In this talk, I will describe our recent efforts to develop a fully autonomous navigation system for fielded power wheelchairs, motivated by the desire to provide improved mobility to a vulnerable population segment: individuals with severe upper-body motor disabilities, caused by MS, ALS, Parkinson's disease, or quadriplegia, for example. These users are unable to operate the standard wheelchair joystick interface, and so instead must rely on other types of assistive control devices, such as sip-and-puff switches, which are typically extremely difficult and tedious to use. Our system, which can be retrofitted to existing power wheelchairs, is capable of autonomous and semi-autonomous mapping and navigation, and relies on low-cost RGB-D sensors and wheel odometry only. I will discuss the market constraints that have driven our design (in cooperation with our industrial partner); although sensing and computing hardware costs have decreased dramatically, making commercial production feasible, the system must still operate under very strict resource constraints.

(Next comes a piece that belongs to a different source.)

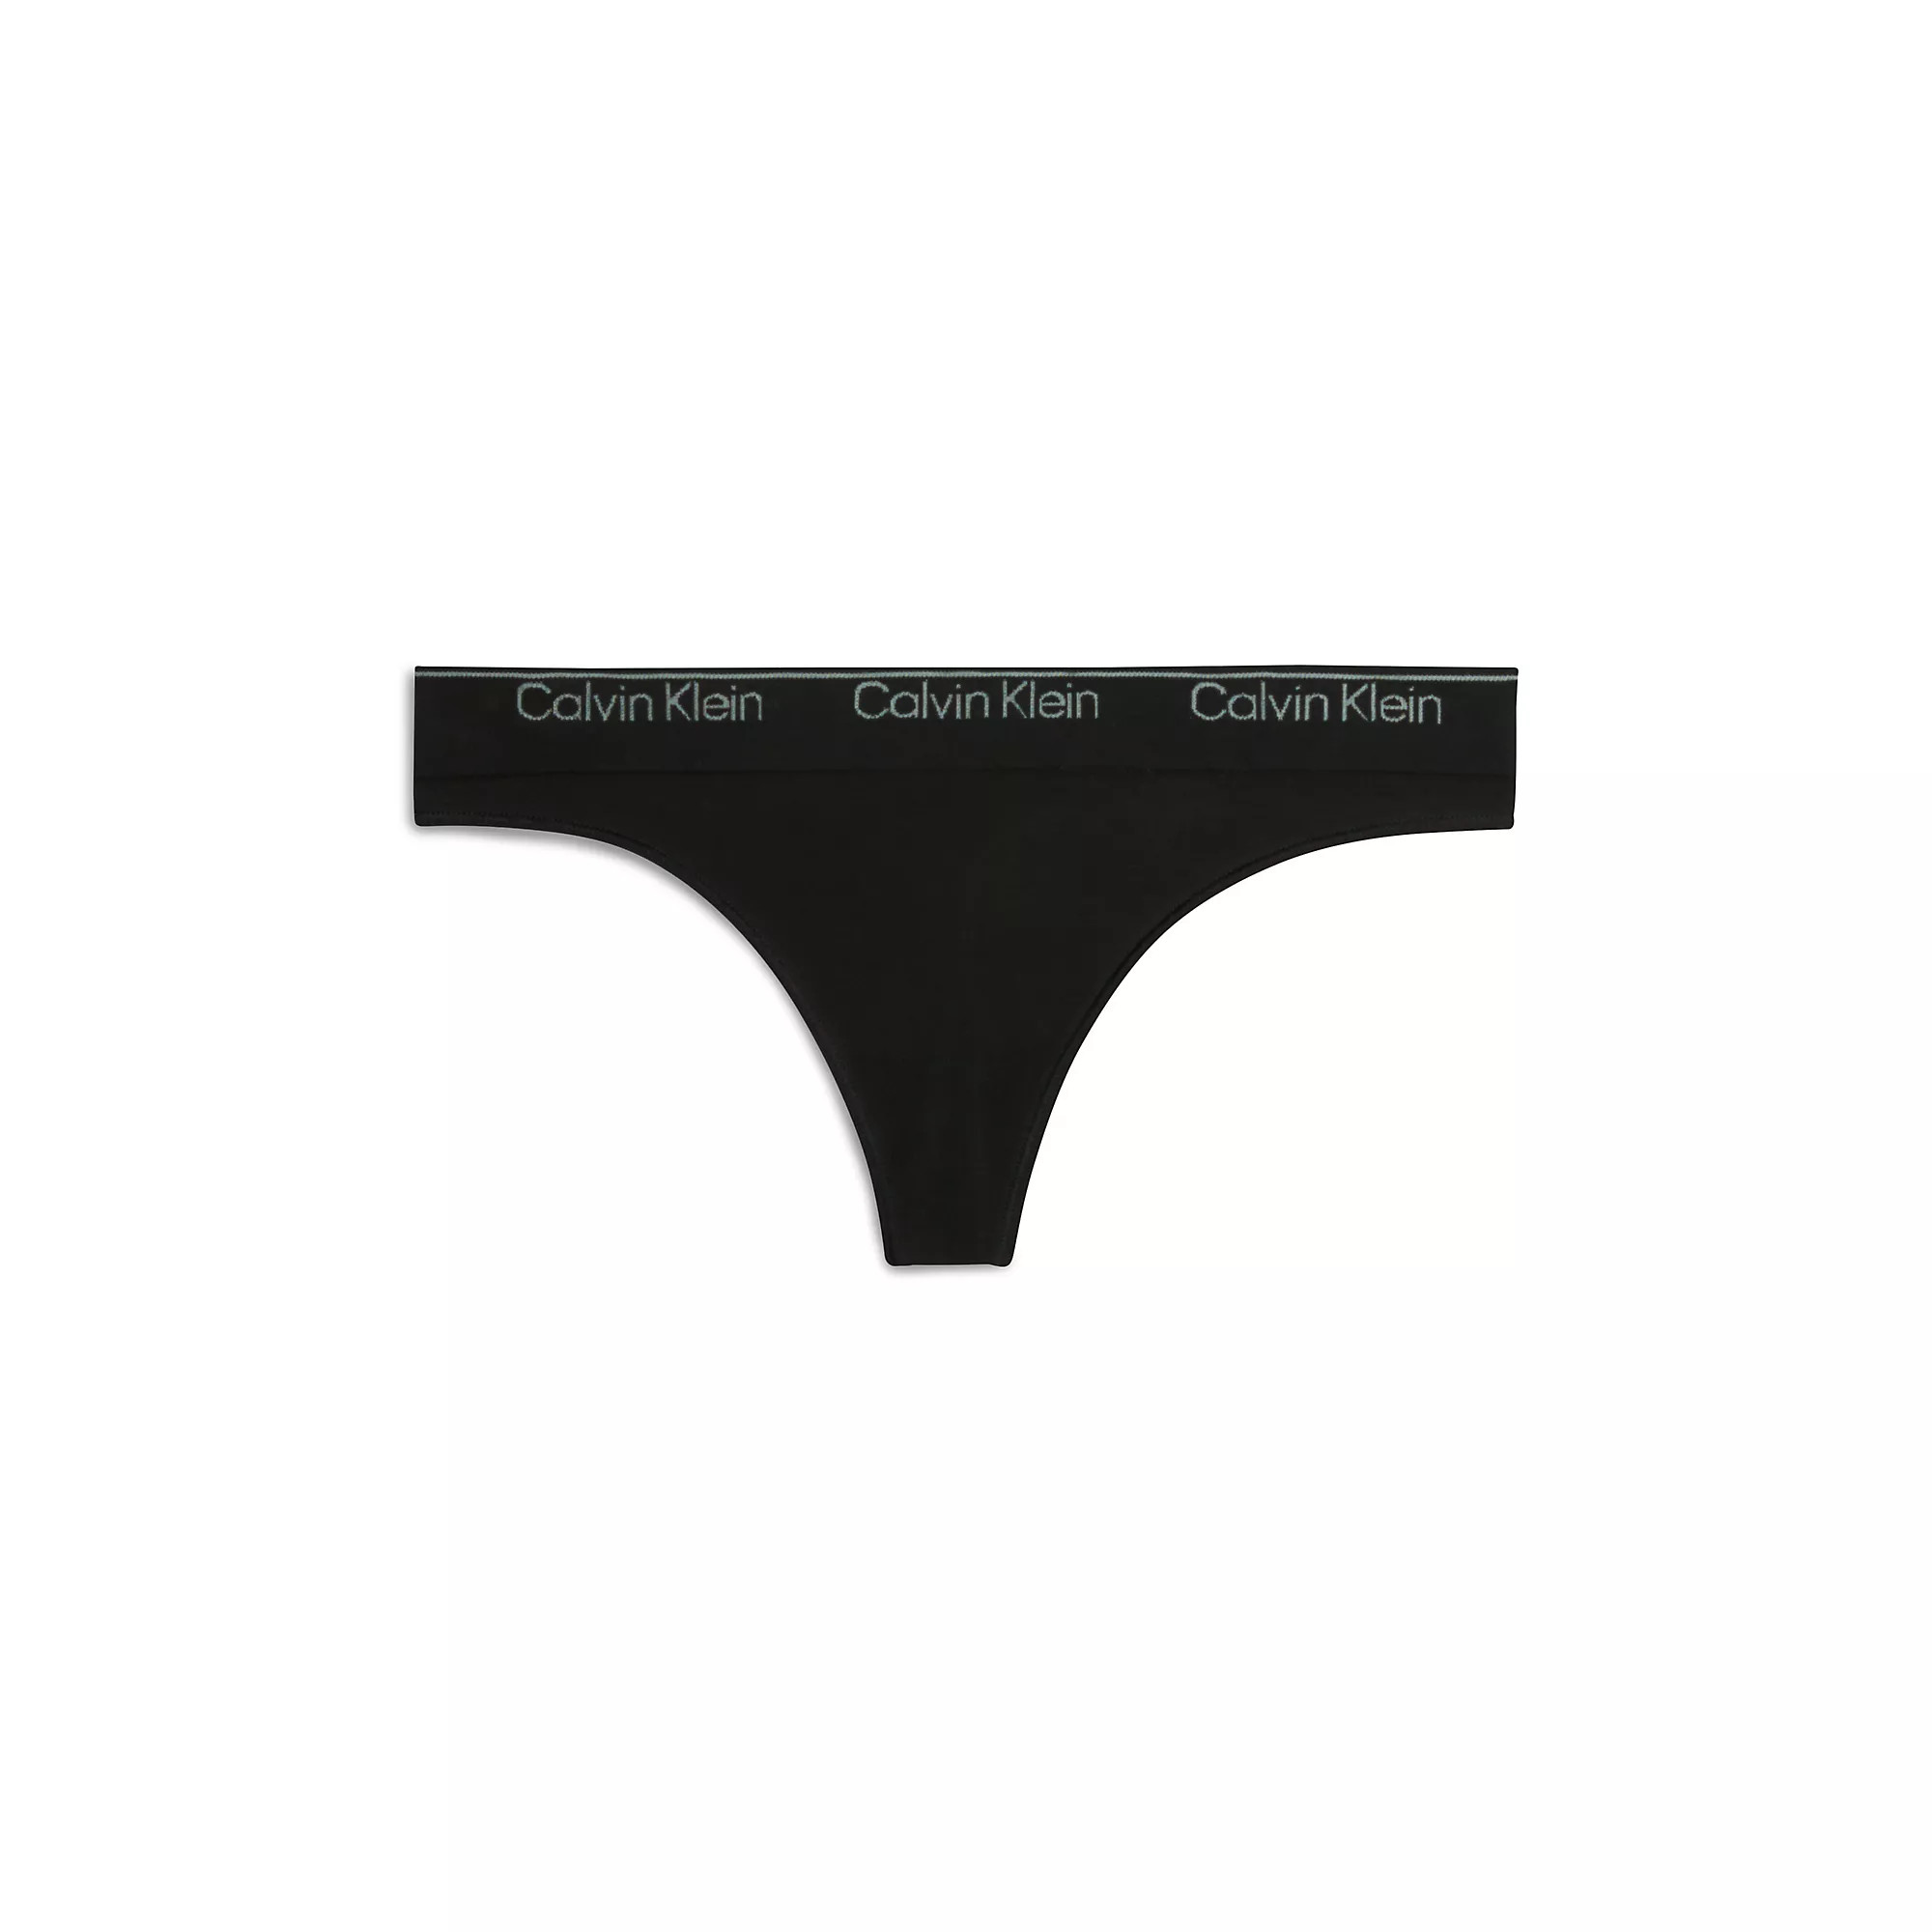 Spodní prádlo Dámské kalhotky THONG 000QF7095EUB1 - Calvin Klein M

In order to enable robust navigation at an affordable price, we have built a software suite (based on ROS) that includes a state-of-the-art SLAM package incorporating moving obstacle detection and tracking capabilities. I will discuss the overall system architecture and the operation of the SLAM and DATMO components, as well as our bespoke software modules for reliable doorway traversal, hazard detection, and path planning in tight spaces. Our maps include geometric, photometric, and obstacle information; in the talk, I will briefly review the framework and data structures used to ensure we that remain within the resource budget.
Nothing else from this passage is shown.